In October 2002, a sergeant investigating her claim “sustained” her gender discrimination complaint and another police official concluded that Rogers’ supervisor had created a “hostile environment” for Rogers and other women. Despite acknowledging those findings, the city fought Rogers’ lawsuit and disagreed with her contention that she “performed her job competently.”
The federal lawsuit was ultimately dismissed, and the parties settled the case through mediation, said Cary McGehee, an attorney who represented Rogers.
The Rogers affidavit is the latest recollection from former police employees. Ex-homicide Lt. Alvin Bowman told Yatooma recently he believed a member of the Police Department killed Greene. Bowman alleged in a separate lawsuit that he was transferred out of homicide for trying to investigate Greene’s killing.
A day after Bowman’s affidavit was filed, Bully-Cummings said it contained several errors, including the number of bullet wounds Greene suffered. Bowman said 18; the Wayne County medical examiner said three.
Greene was gunned down April 30, 2003, as she and her boyfriend sat outside a home on Roselawn at Outer Drive. In his affidavit, Bowman said Greene’s murder was a contract killing because the shooter had the opportunity to shoot her boyfriend but did not.
Rogers’ and Bowman’s affidavits are part of a federal lawsuit filed by Greene’s family against Kilpatrick, the city of Detroit and other city officials.

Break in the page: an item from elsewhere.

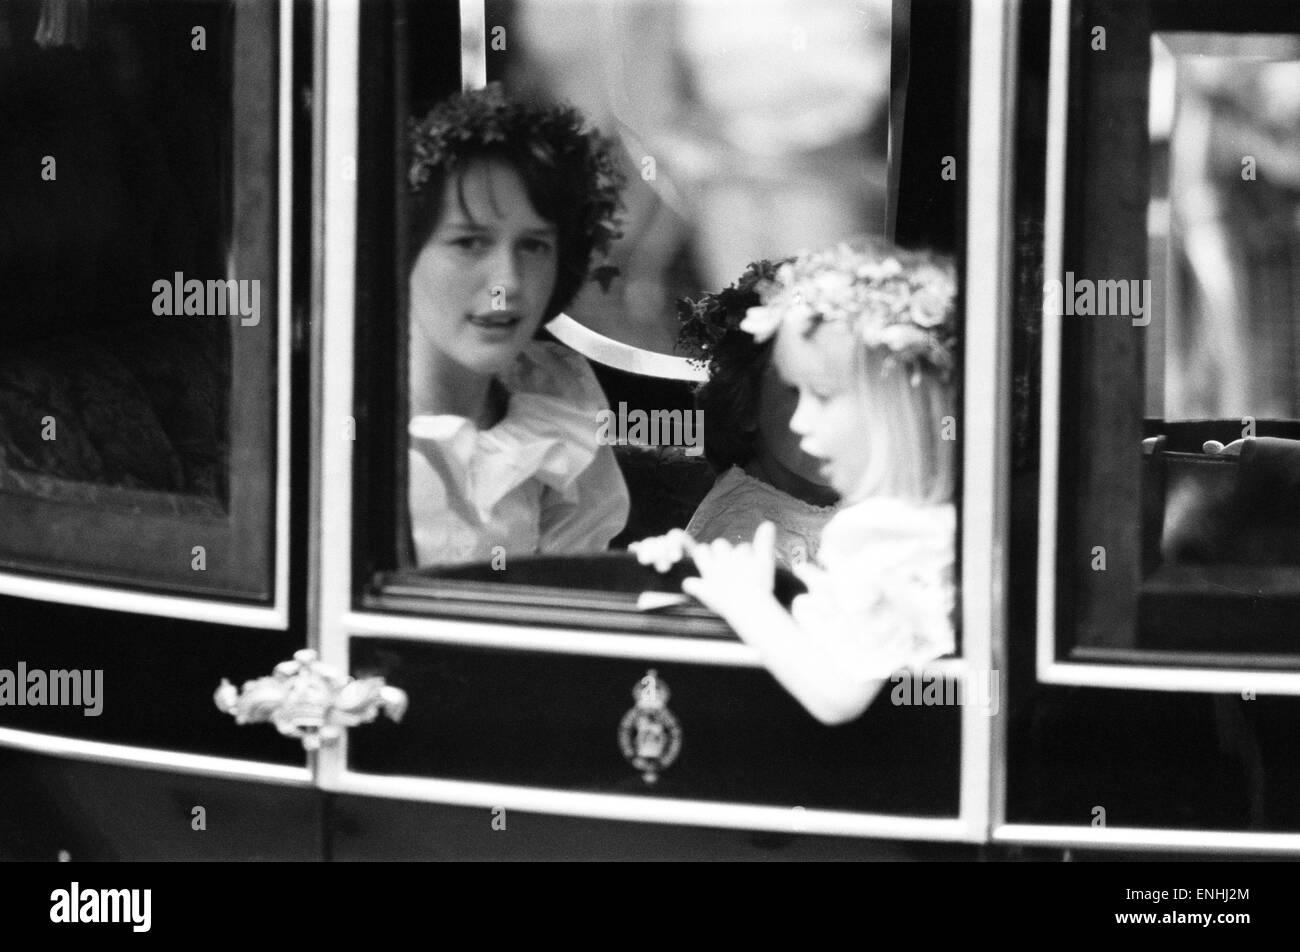 Jour du Mariage du Prince Charles et de Lady Diana Spencer, le 29 juillet 1981. Sur la photo: suite nuptiale de bord en cortège royal, l'Inde Hicks (de 13) & Hambro Clémentine (5 ans). Banque D'Images

Greene’s family accuses high-ranking city officials of thwarting the investigation into her murder.
Following a five-week investigation in 2003, Michigan Attorney General Mike Cox said his investigators could not confirm that the party occurred, labeling it an “urban legend.” The mayor has long denied there was party.
A spokesman for Cox said a joint investigation by the Michigan State Police and the Attorney General’s Office never received a copy of a police report, despite many rumors about the party. “We tracked every one of them down and each one was found to be unsubstantiated,” Rusty Hills said.

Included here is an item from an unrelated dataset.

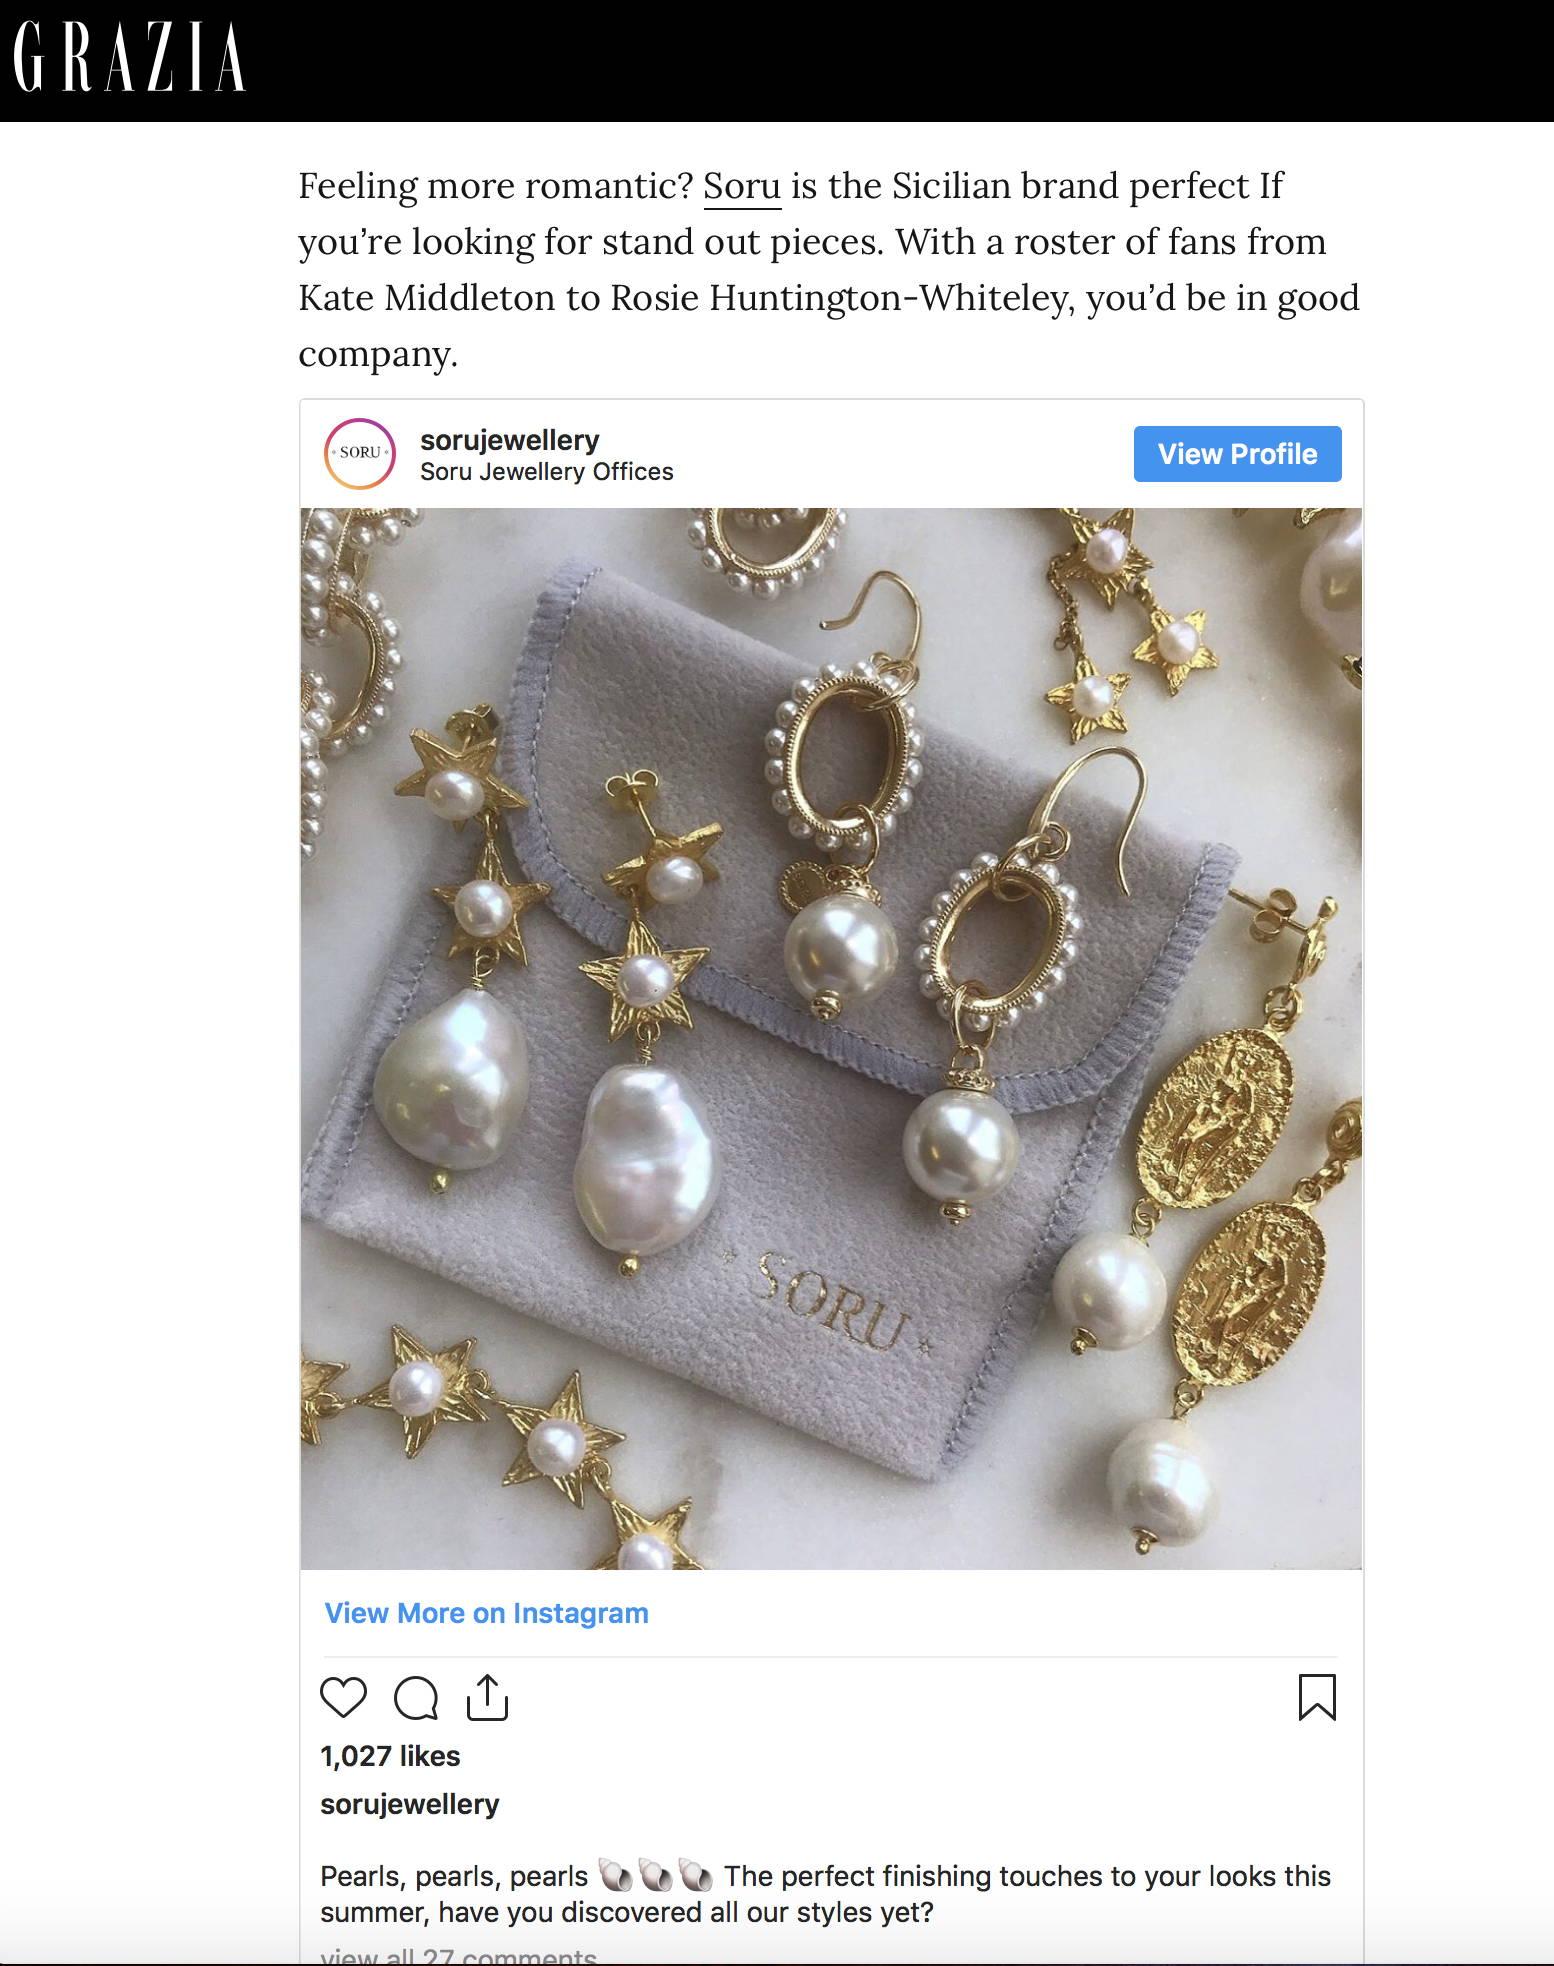 SORU JEWELLERY PEARL AND GOLD EARRINGS

As for the mayor, Rogers said she initially thought about his youth; Kilpatrick was 32 at the time. “He just wasn’t thinking. His hormones were thinking,” Rogers said.
The Greene case has gotten a boost since a controversy erupted after the city paid $8.4 million to settle lawsuits with three other former Detroit police officers who filed whistle-blower suits alleging they were retaliated against for reporting or investigating matters related to the alleged party and/or alleged wrongdoing by the mayor and his police bodyguards.

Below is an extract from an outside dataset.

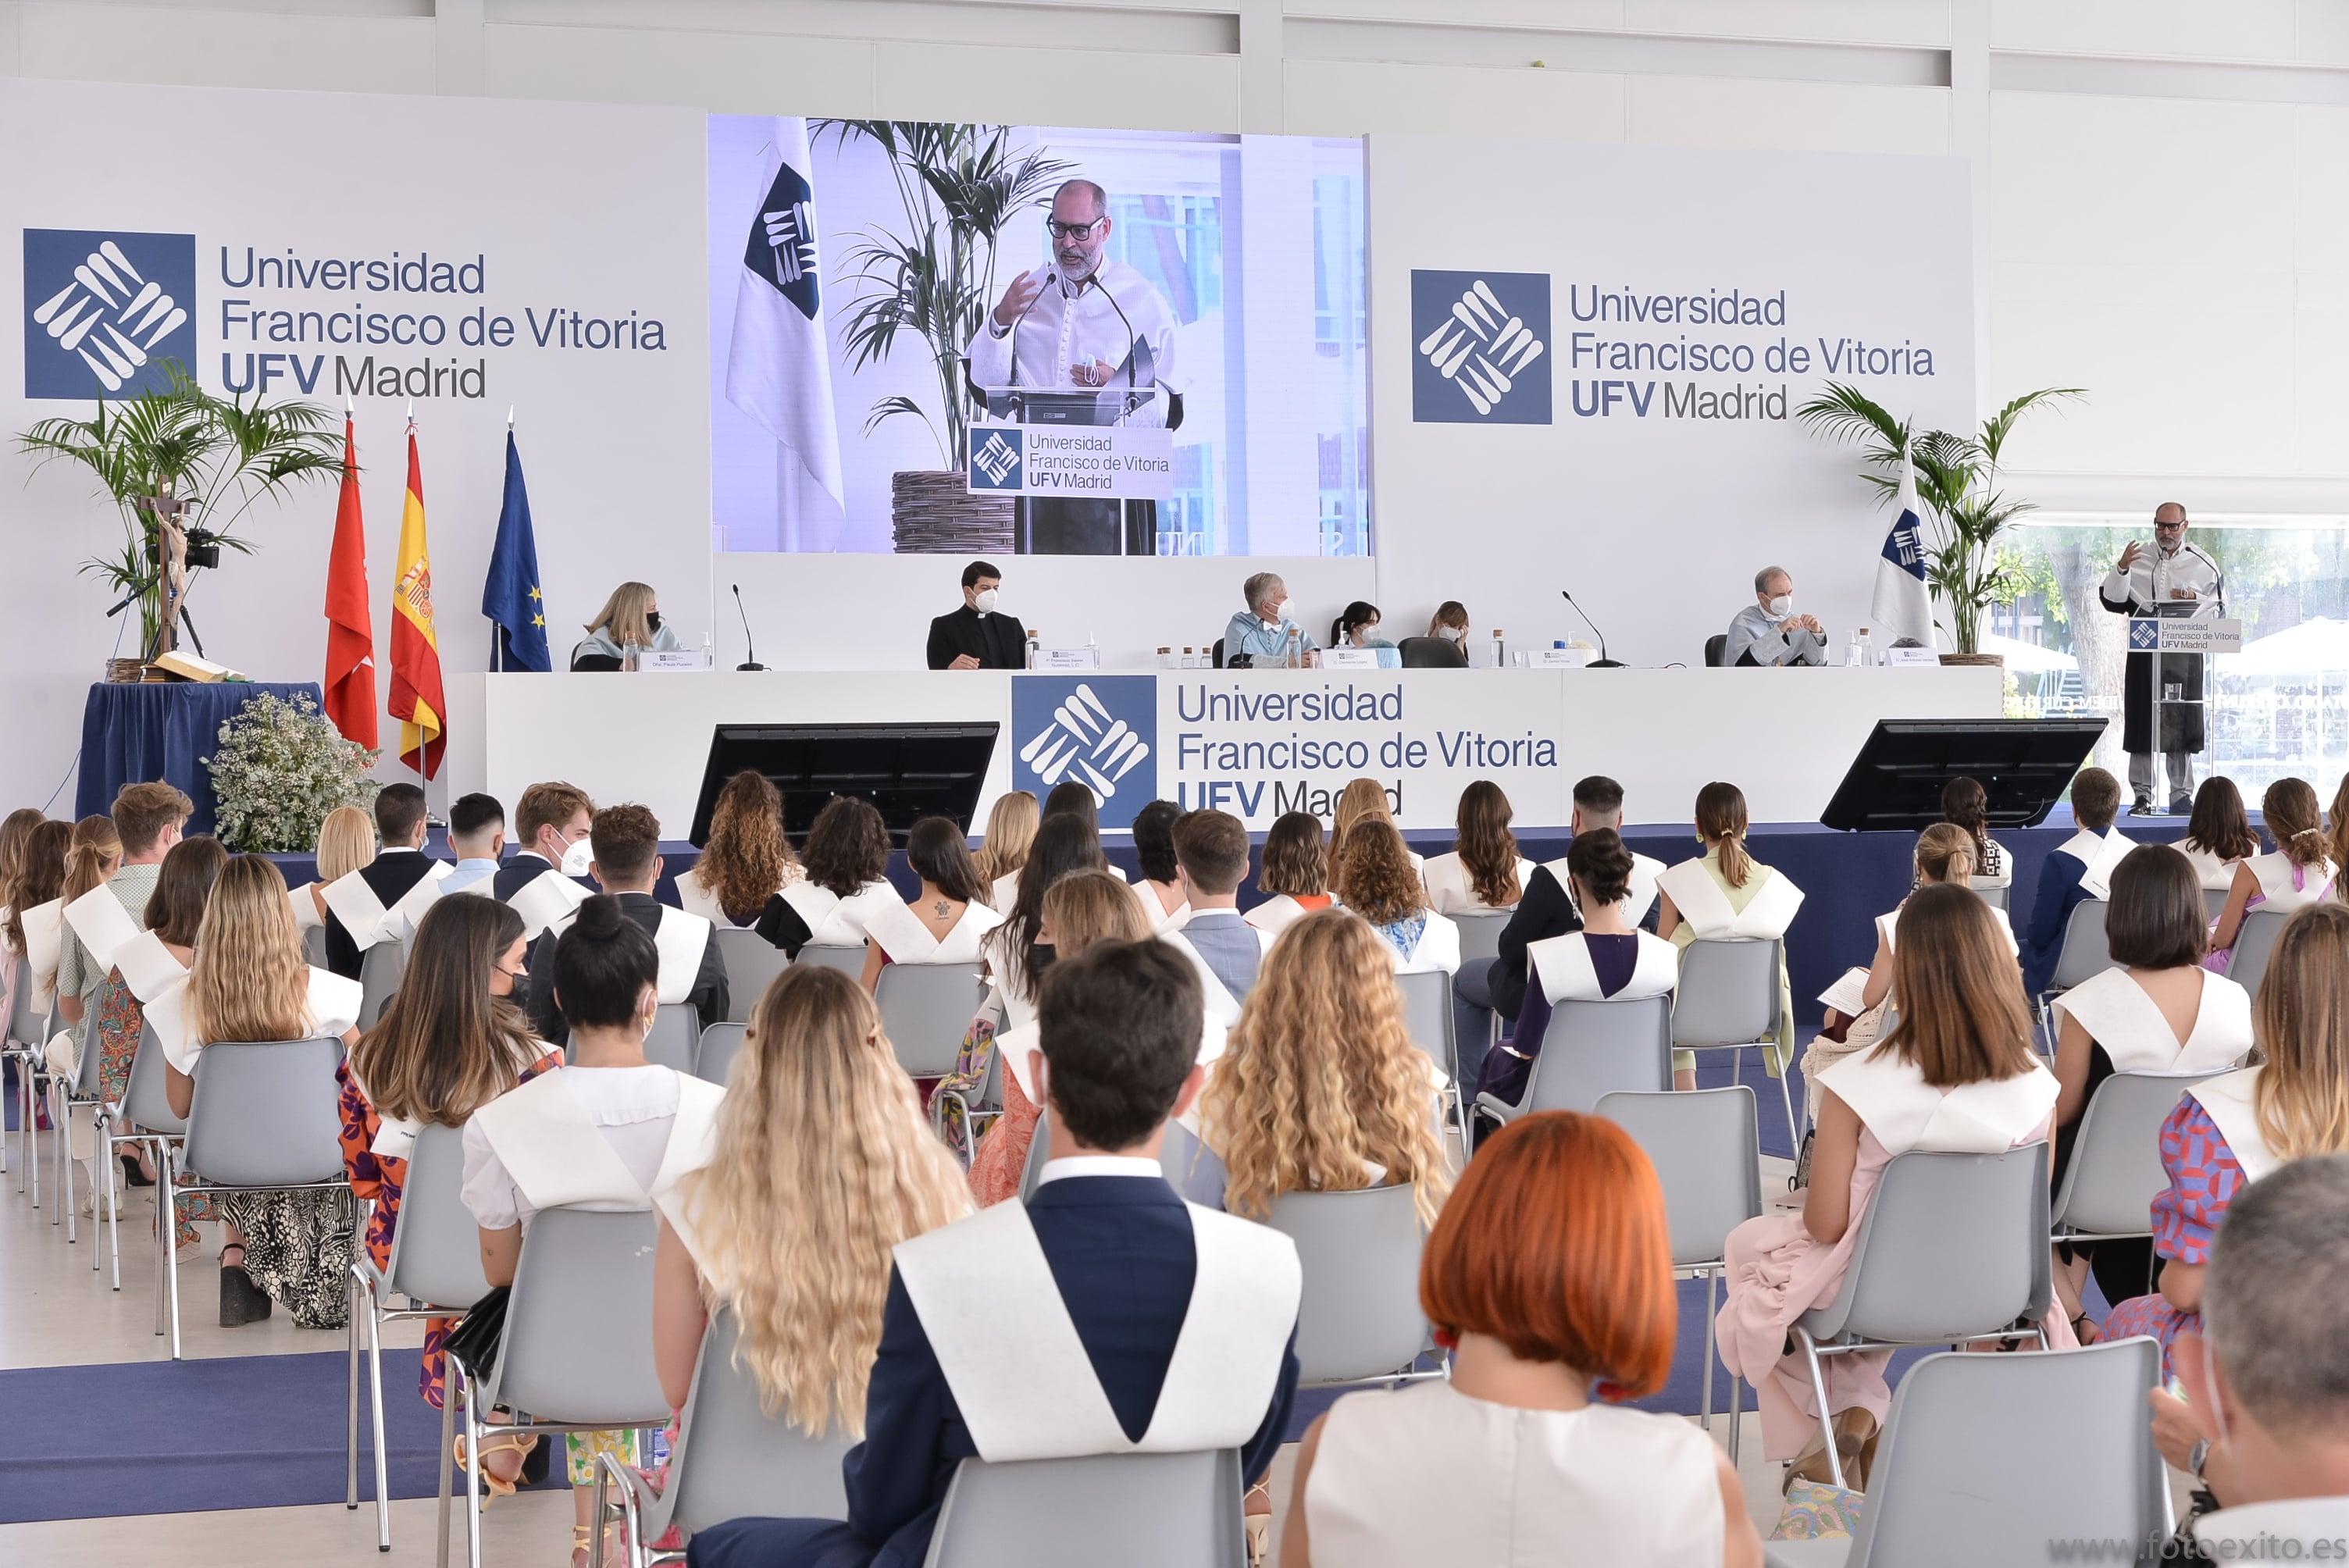 210709UFV 1020 min Actos académicos Estudiar en Universidad Privada Madrid

The mayor signed a secret agreement as part of the settlements requiring that text messages he and former Chief of Staff Christine Beatty exchanged in 2002 and 2003 be kept under wraps. The text messages, disclosed by the media in January, point to an affair between Kilpatrick and Beatty, and possible perjury after both testified at a whistle-blower trial last year.
Wayne County Prosecutor Kym Worthy is investigating.